Exercise directions:
Taking the line that contains "Gro-Pe Korcsolya, Gross" as the start and the last line of the data as the end, repeat exactly every line in that span, but no pictures.

Provided data:
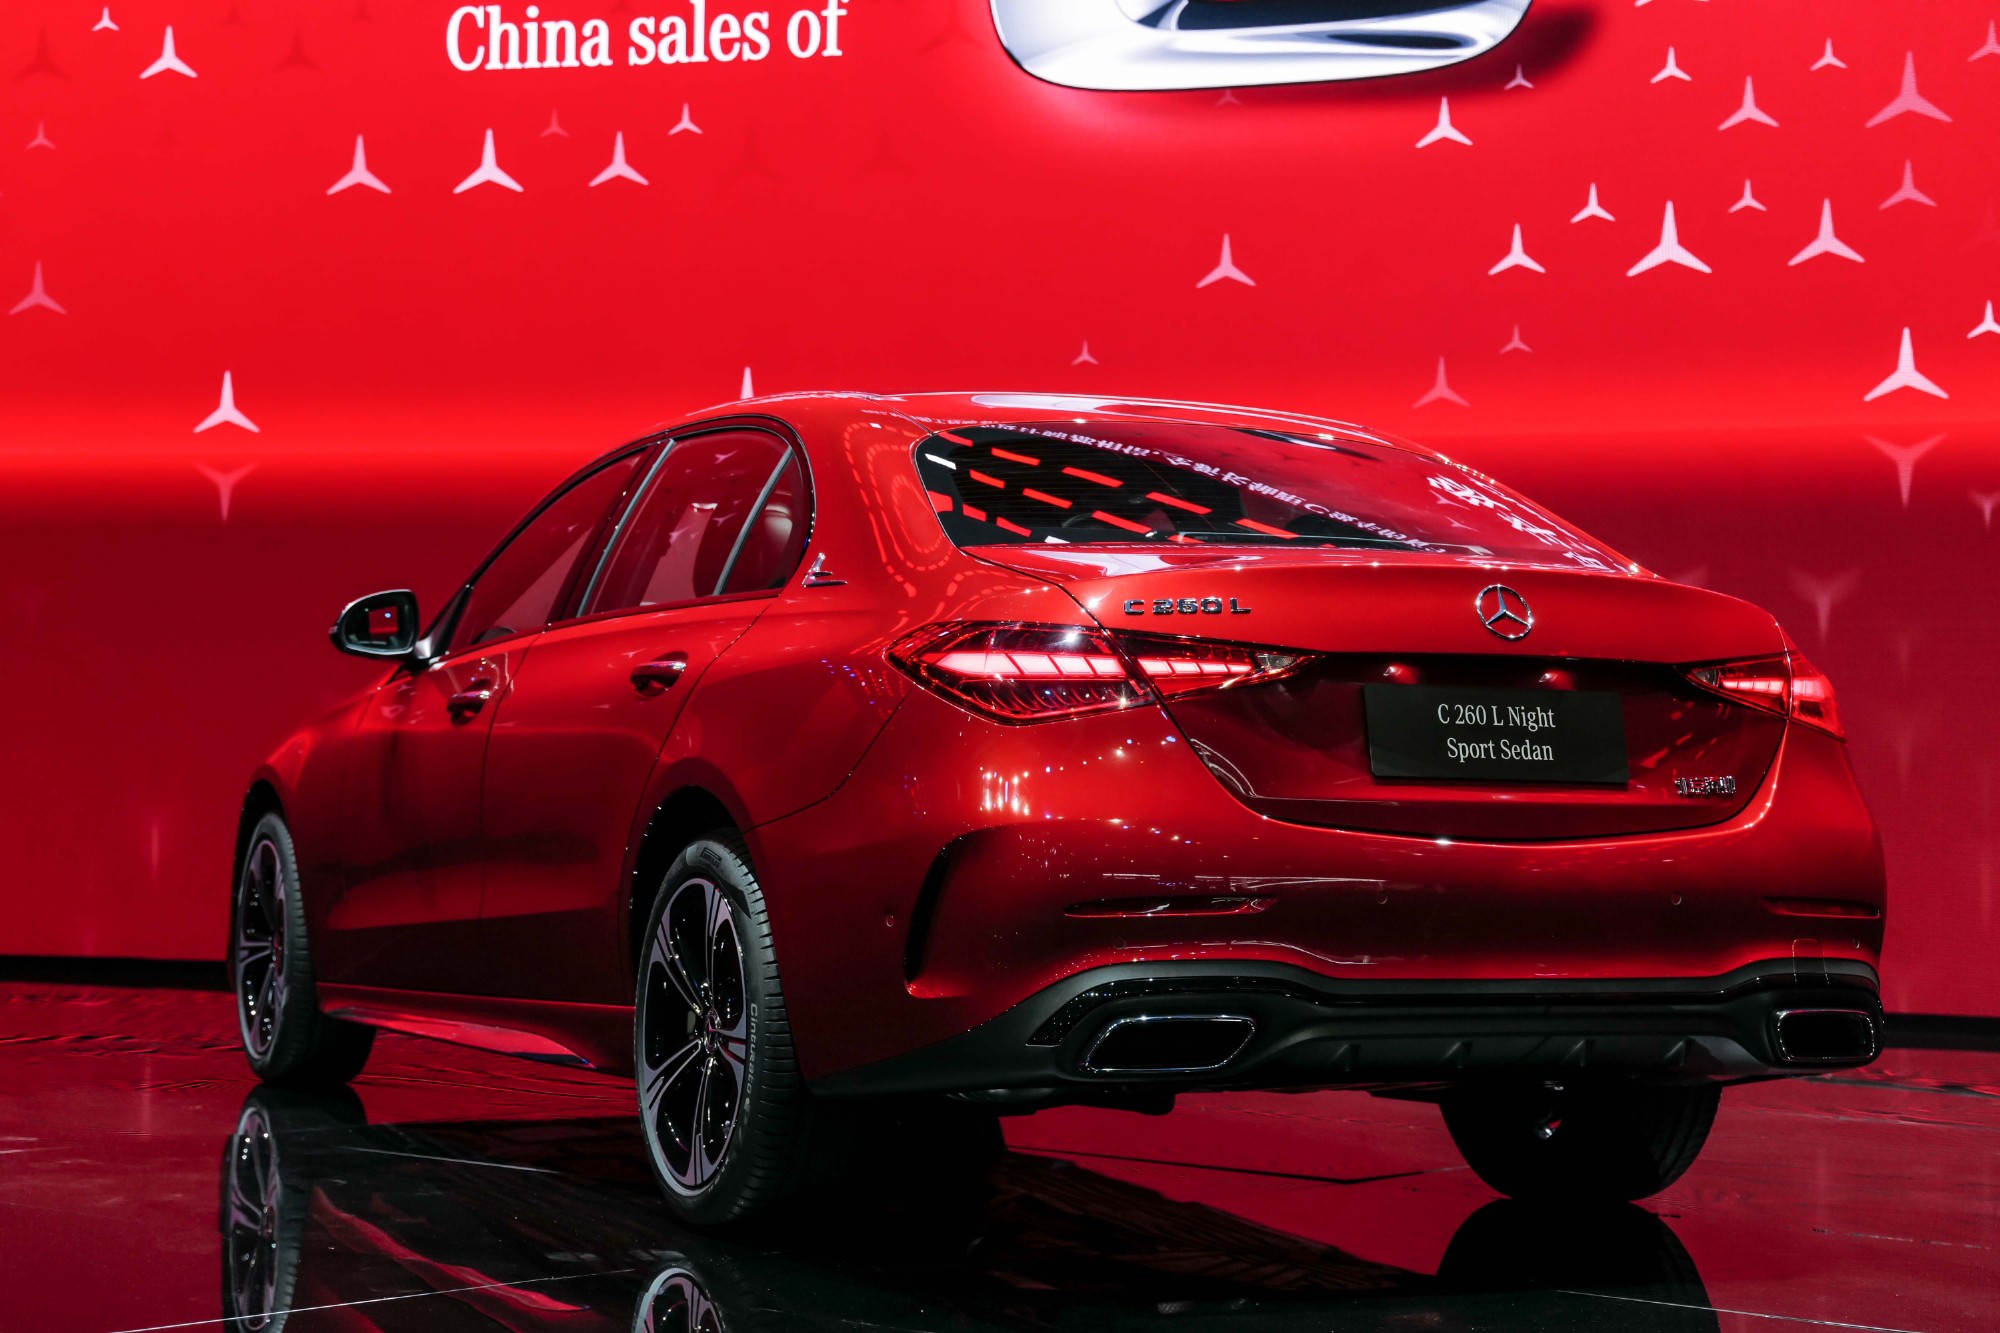 2021上海车展:终于来了!全新奔驰c级长轴正式首发!
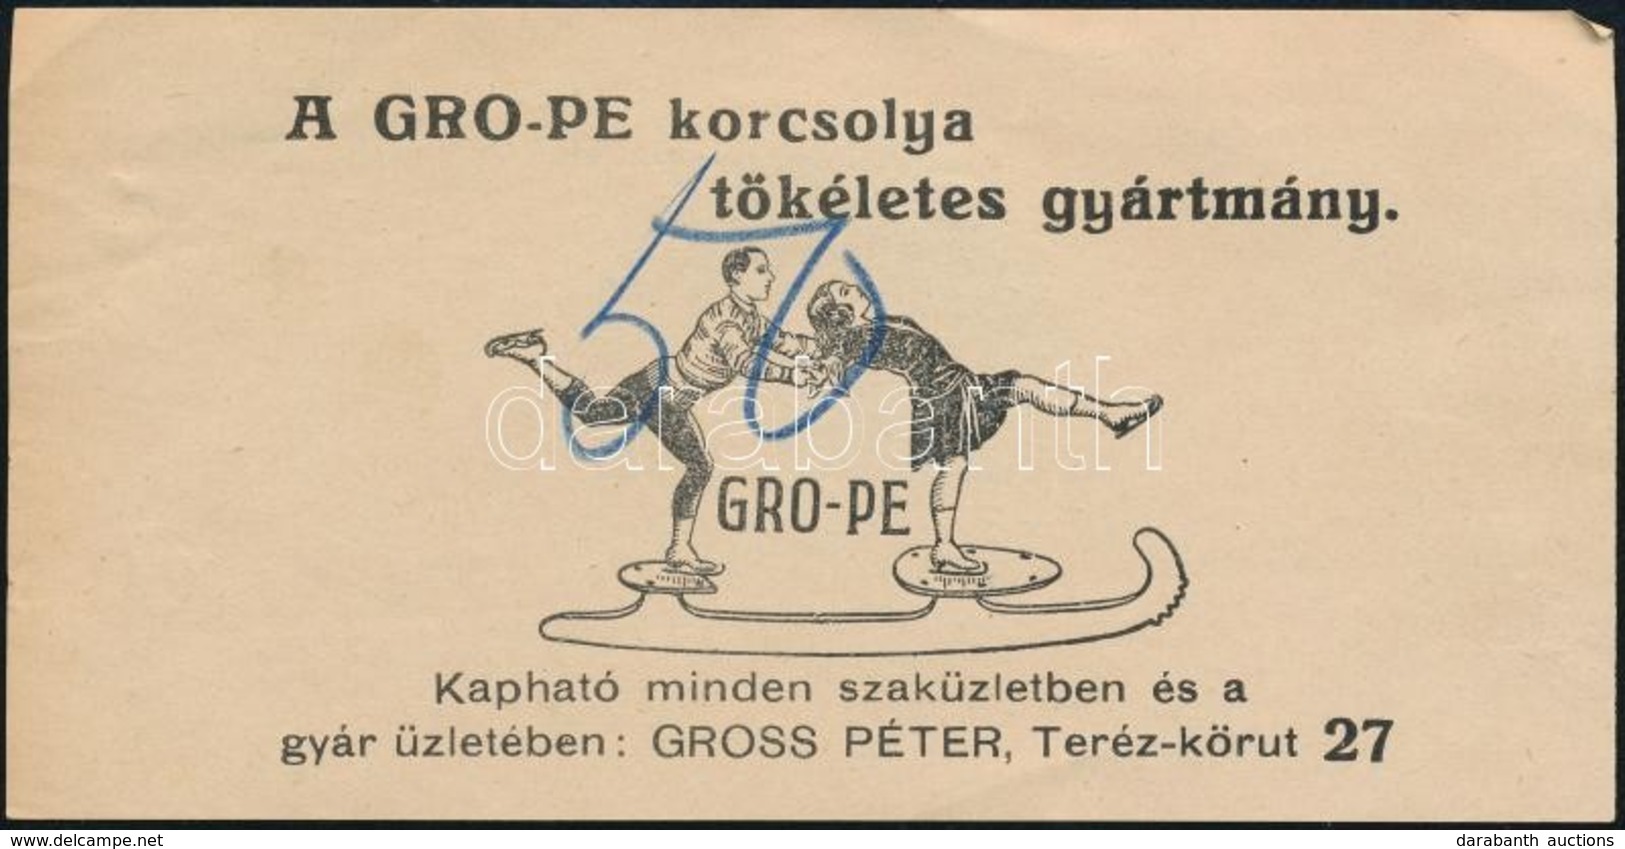 Gro-Pe Korcsolya, Gross Péter Budapesti üzletében - Számolócédula - Werbung
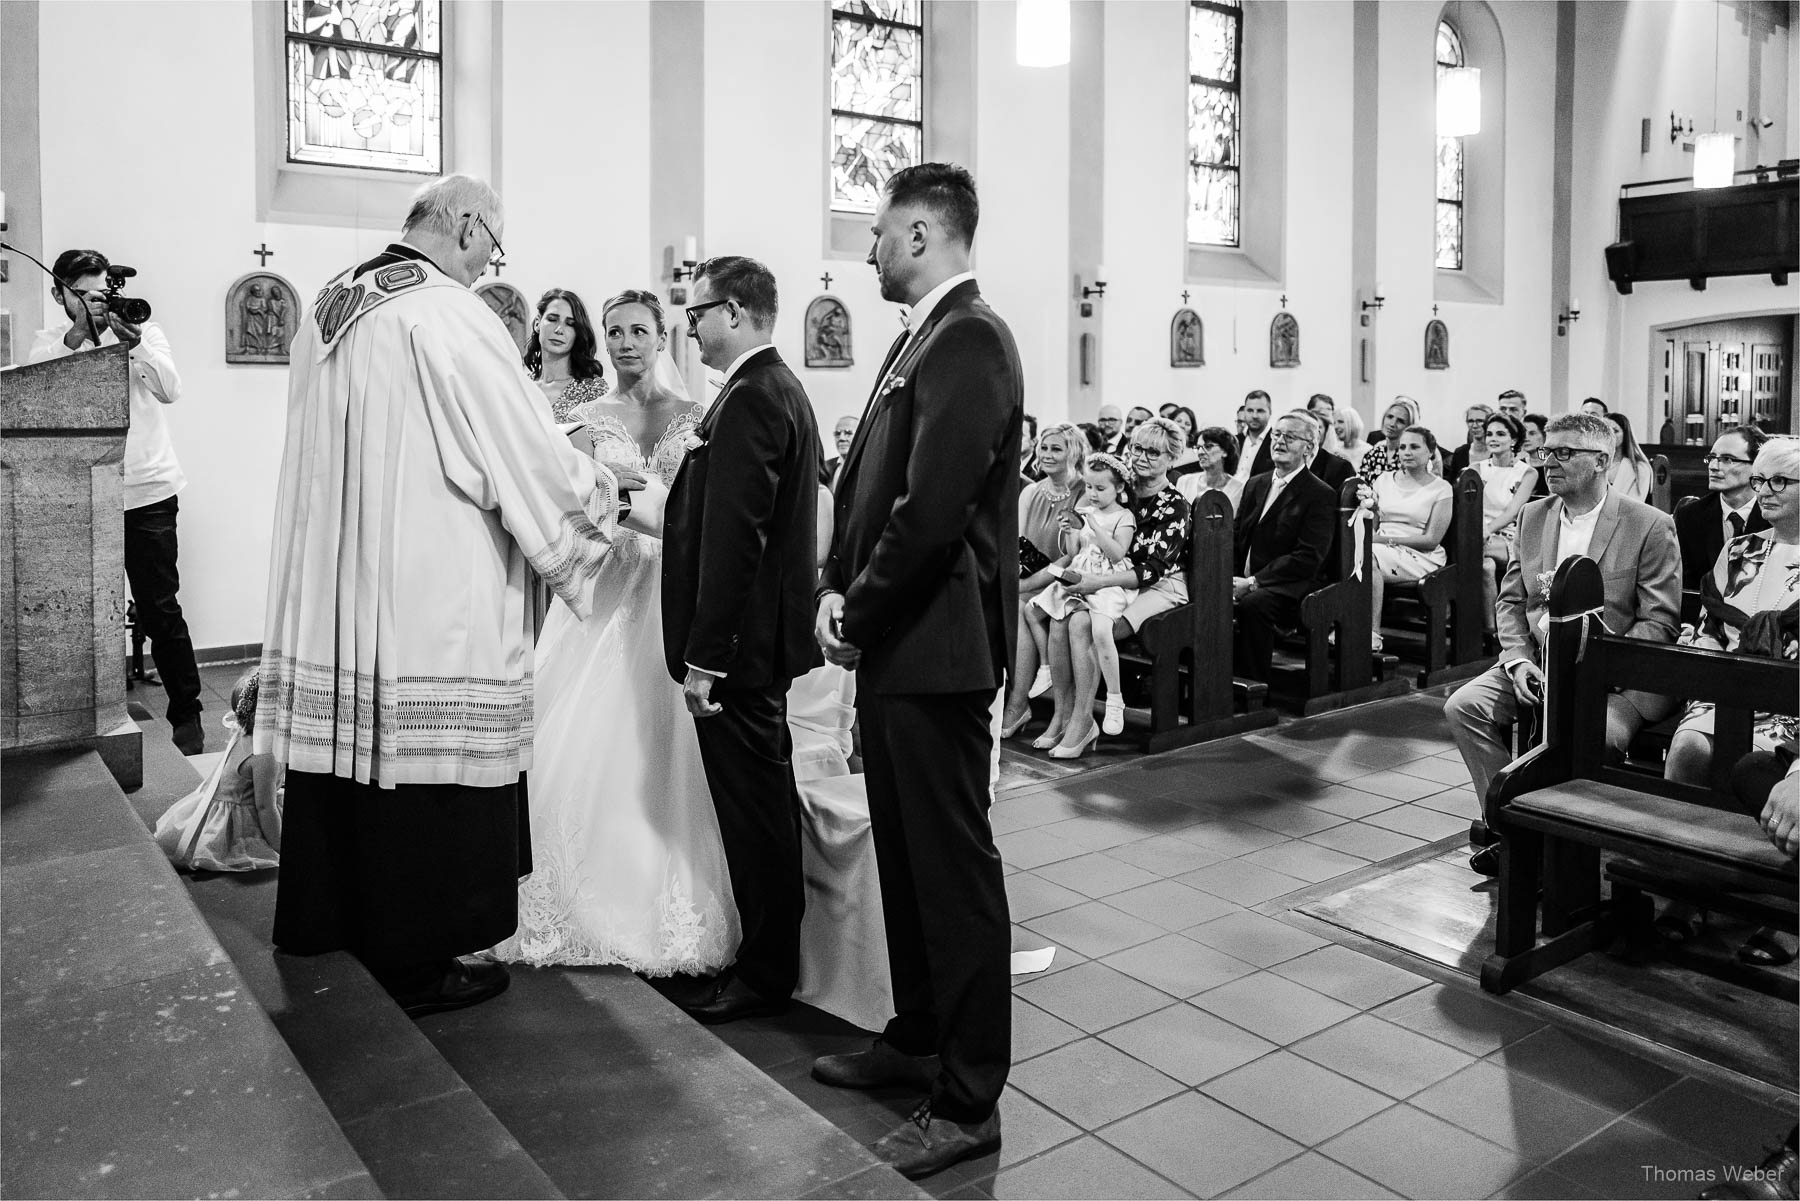 Kirchliche Hochzeit in Rastede und Hochzeitsfeier in der Scheune St. Georg Rastede, Hochzeitsfotograf Thomas Weber aus Oldenburg

Task answer:
 Gro-Pe Korcsolya, Gross Péter Budapesti üzletében - Számolócédula - Werbung
 Kirchliche Hochzeit in Rastede und Hochzeitsfeier in der Scheune St. Georg Rastede, Hochzeitsfotograf Thomas Weber aus Oldenburg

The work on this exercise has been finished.